Universal Dental observation
Teeth numbers may be required for dental activities of a prior request / claim. They are set in field Tooth no's which is visible only when the user selects Procedure Type = 6 – Dental code. If dental code requires teeth numbers, label Tooth no's becomes bold to indicate it is a mandatory field, otherwise, the label is regular.
The user can specify one or several teeth numbers from the list below separating them with comma.
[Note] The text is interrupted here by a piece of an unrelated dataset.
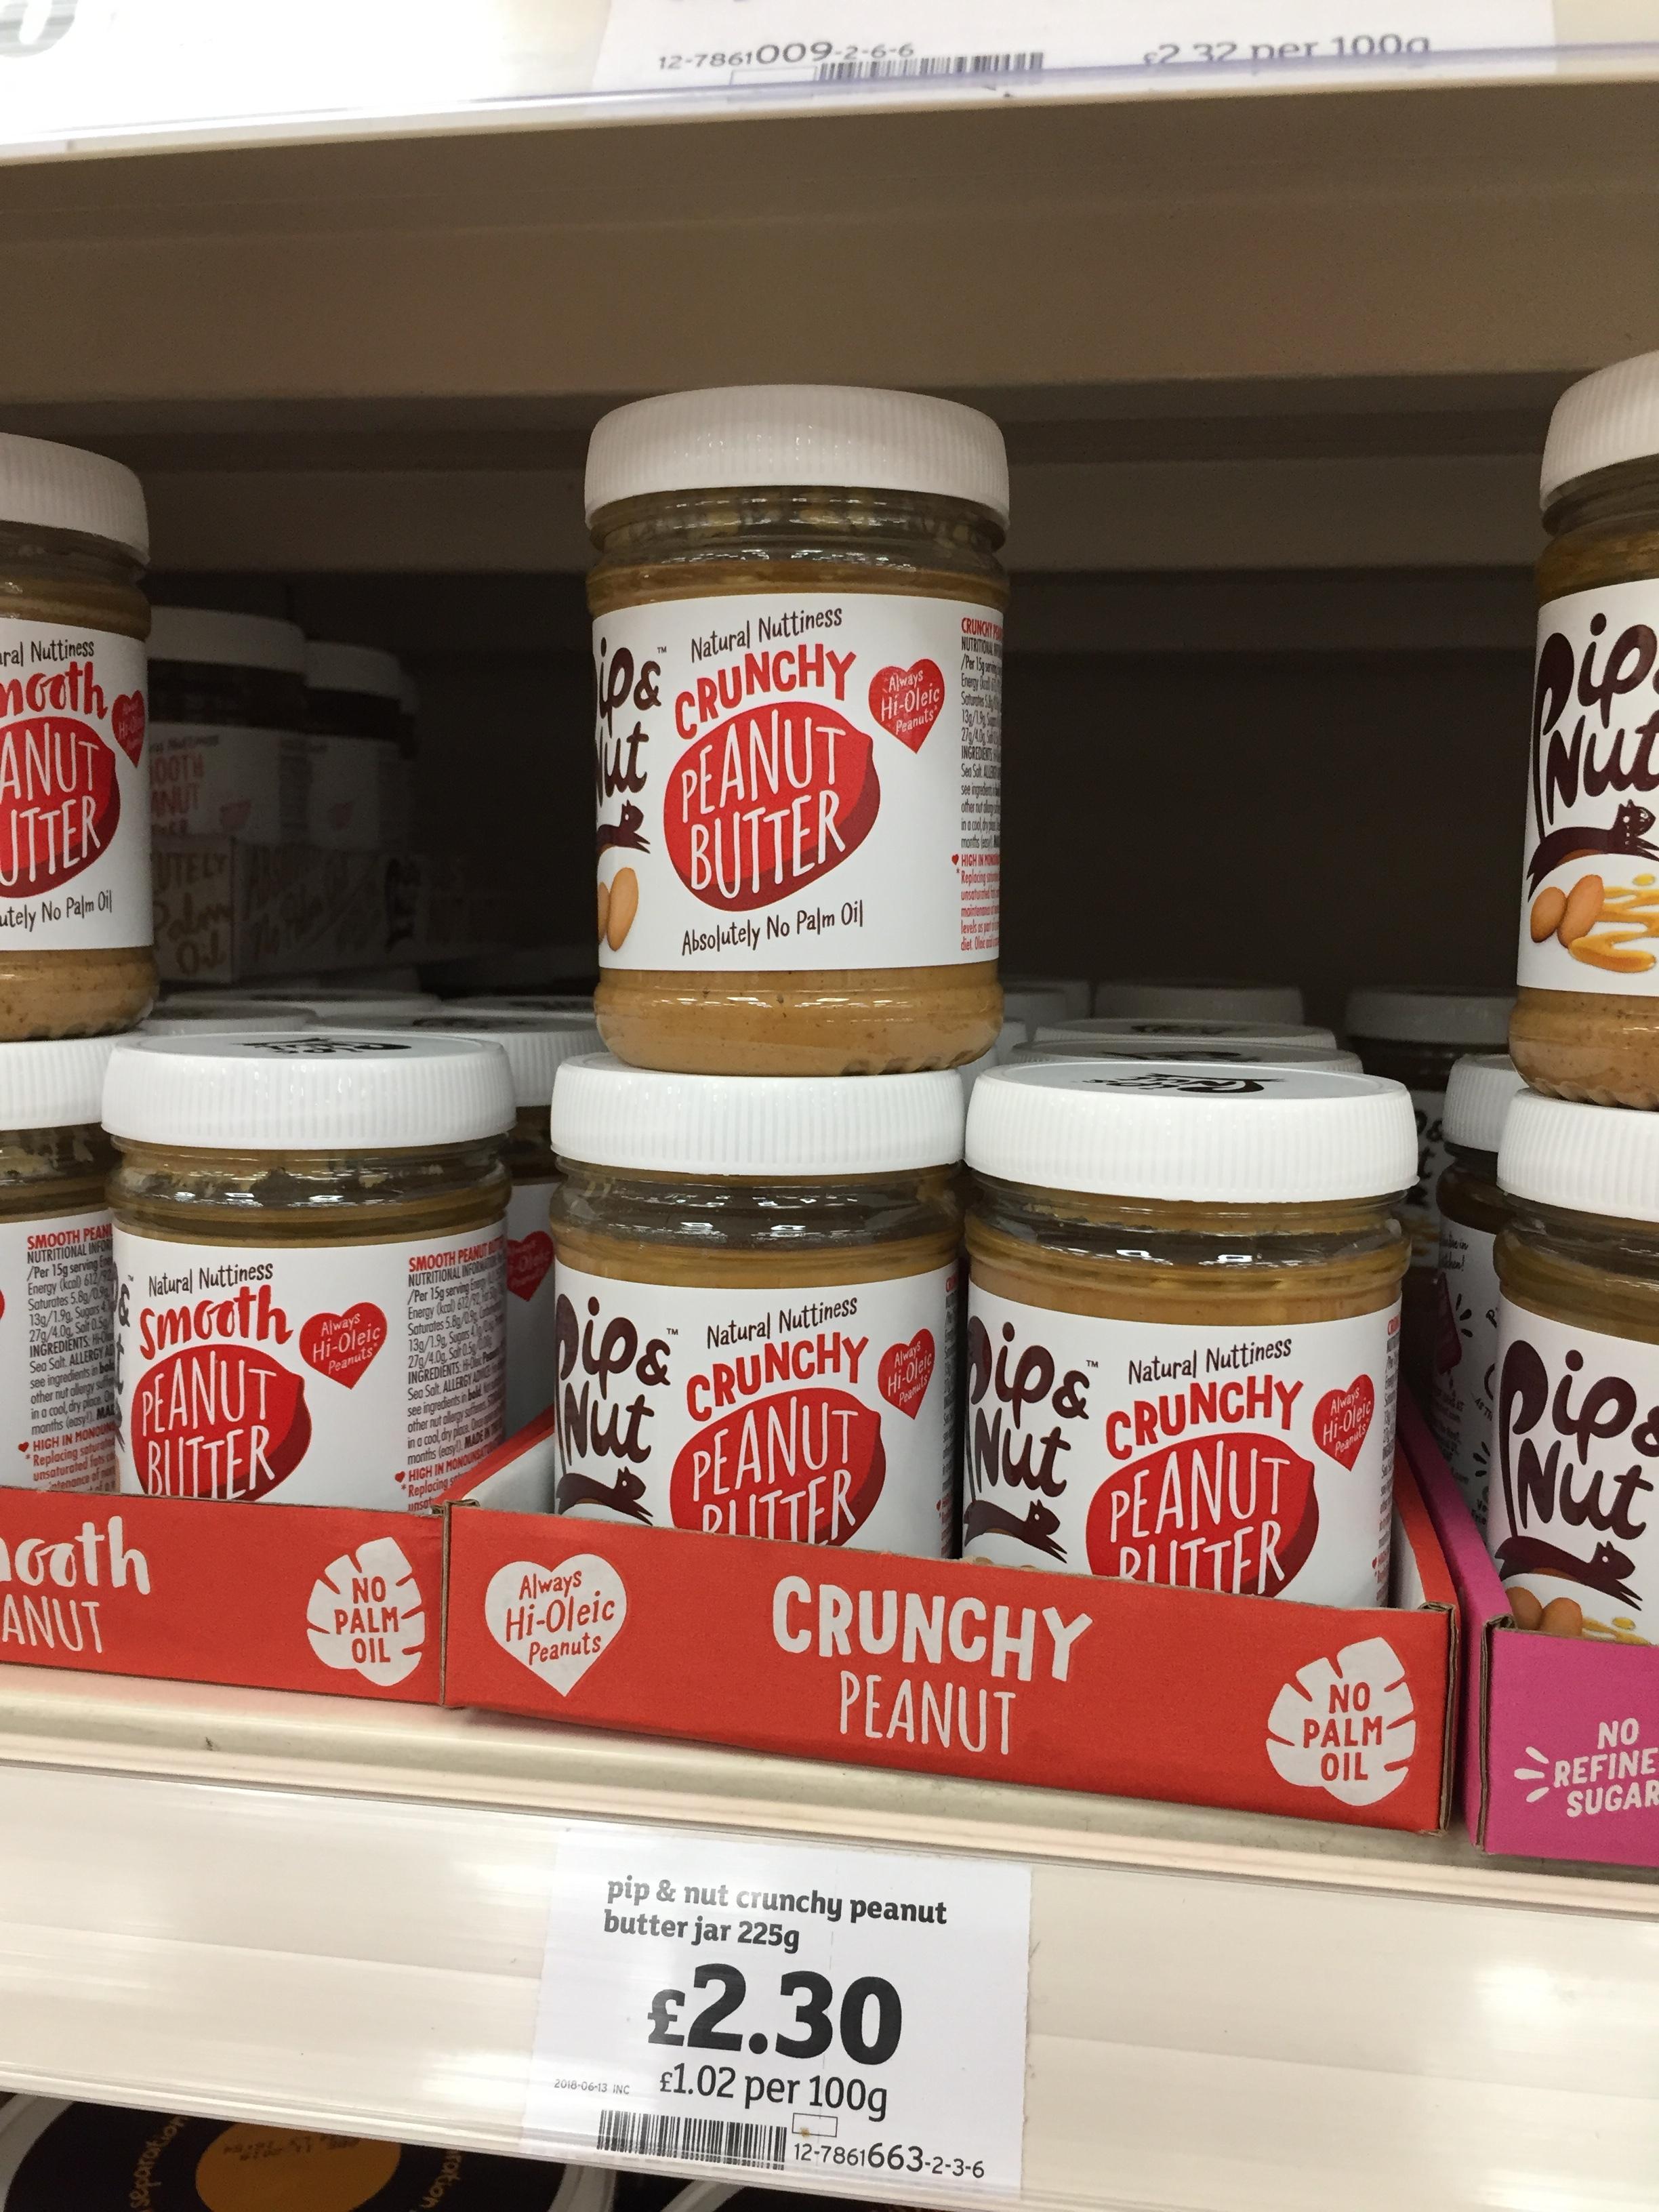 PIp & Nut cruncy peanut butter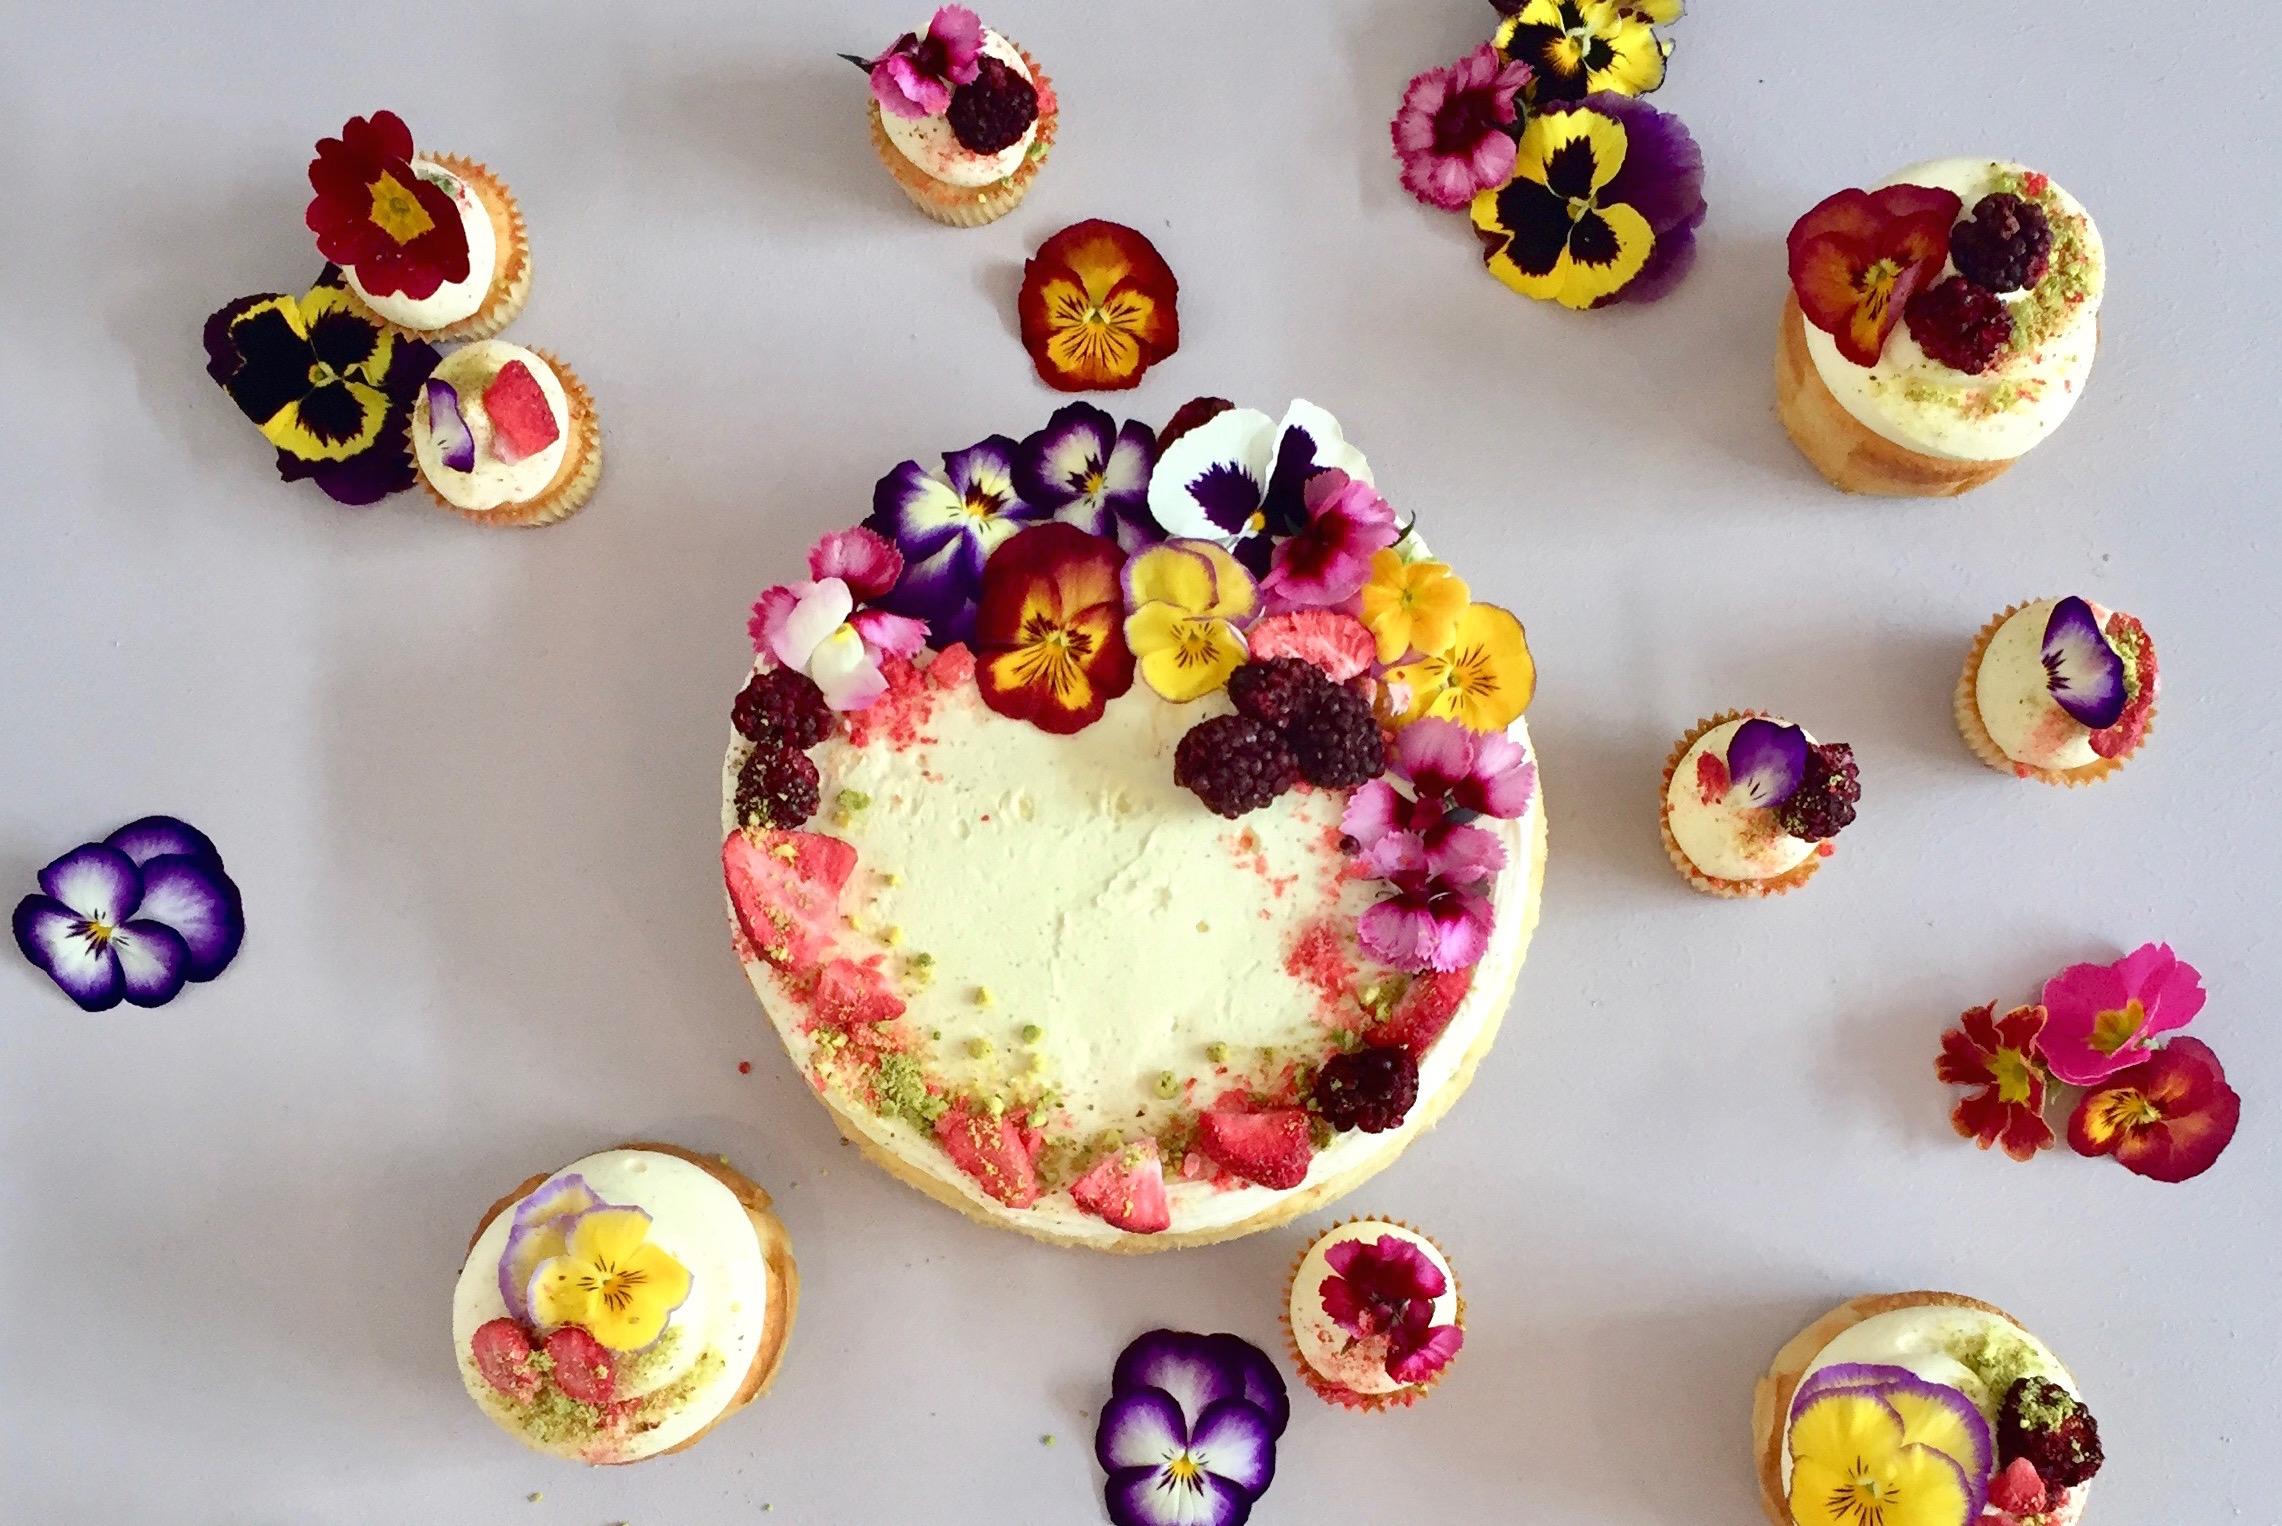 New World Little Garden Jordan Rondel The Caker Edible Flowers.jpg

The numbers may not be repeated.
PRIMARY DENTITION | ||
Tooth name | Tooth no. | Supernumerary tooth no. |
Upper right second molar | A | AS |
Upper right first molar | B | BS |
Upper right canine | C | CS |
Upper right lateral incisor | D | DS |
Upper right central incisor | E | ES |
Upper left central incisor | F | FS |
Upper left lateral incisor | G | GS |
Upper left canine | H | HS |
Upper left first molar | I | IS |
Upper left second molar | J | JS |
Lower left second molar | K | KS |
Lower left first molar | L | LS |
Lower left canine | M | MS |
Lower left lateral incisor | N | NS |
Lower left central incisor | O | OS |
Lower right central incisor | P | PS |
Lower right lateral incisor | Q | QS |
Lower right canine | R | RS |
Lower right first molar | S | SS |
Lower right second molar | T | TS |
PERMANENT DENTITION | ||
Tooth name | Tooth no. | Supernumerary tooth no. |
Upper right third molar | 1 | 51 |
Upper right second molar | 2 | 52 |
Upper right first molar | 3 | 53 |
Upper right second premolar | 4 | 54 |
Upper right first premolar | 5 | 55 |
Upper right canine | 6 | 56 |
Upper right lateral incisor | 7 | 57 |
Upper right central incisor | 8 | 58 |
Upper left central incisor | 9 | 59 |
Upper left lateral incisor | 10 | 60 |
Upper left canine | 11 | 61 |
Upper left first premolar | 12 | 62 |
Upper left second premolar | 13 | 63 |
Upper left first molar | 14 | 64 |
Upper left second molar | 15 | 65 |
Upper left third molar | 16 | 66 |
Lower left third molar | 17 | 67 |
Lower left second molar | 18 | 68 |
Lower left first molar | 19 | 69 |
Lower left second premolar | 20 | 70 |
Lower left first premolar | 21 | 71 |
Lower left canine | 22 | 72 |
Lower left lateral incisor | 23 | 73 |
Lower left central incisor | 24 | 74 |
Lower right central incisor | 25 | 75 |
Lower right lateral incisor | 26 | 76 |
Lower right canine | 27 | 77 |
Lower right first premolar | 28 | 78 |
Lower right second premolar | 29 | 79 |
Lower right first molar | 30 | 80 |
Lower right second molar | 31 | 81 |
Lower right third molar | 32 | 82 |
Note: teeth numbers are saved in Observations part of the transaction sent to Post Office.
Step 1. Click New Prior Request .
Electronic Prior Request - Authorization form opens. Patient Details tab is active.
Step 2. Go to Procedure Details tab, set:
- Type = 6 – Dental code;
- Procedure = 23115.
Tooth no's field appears. The label is bold – at least one tooth number is required.
Step 3. Enter the necessary teeth with a comma: S,T.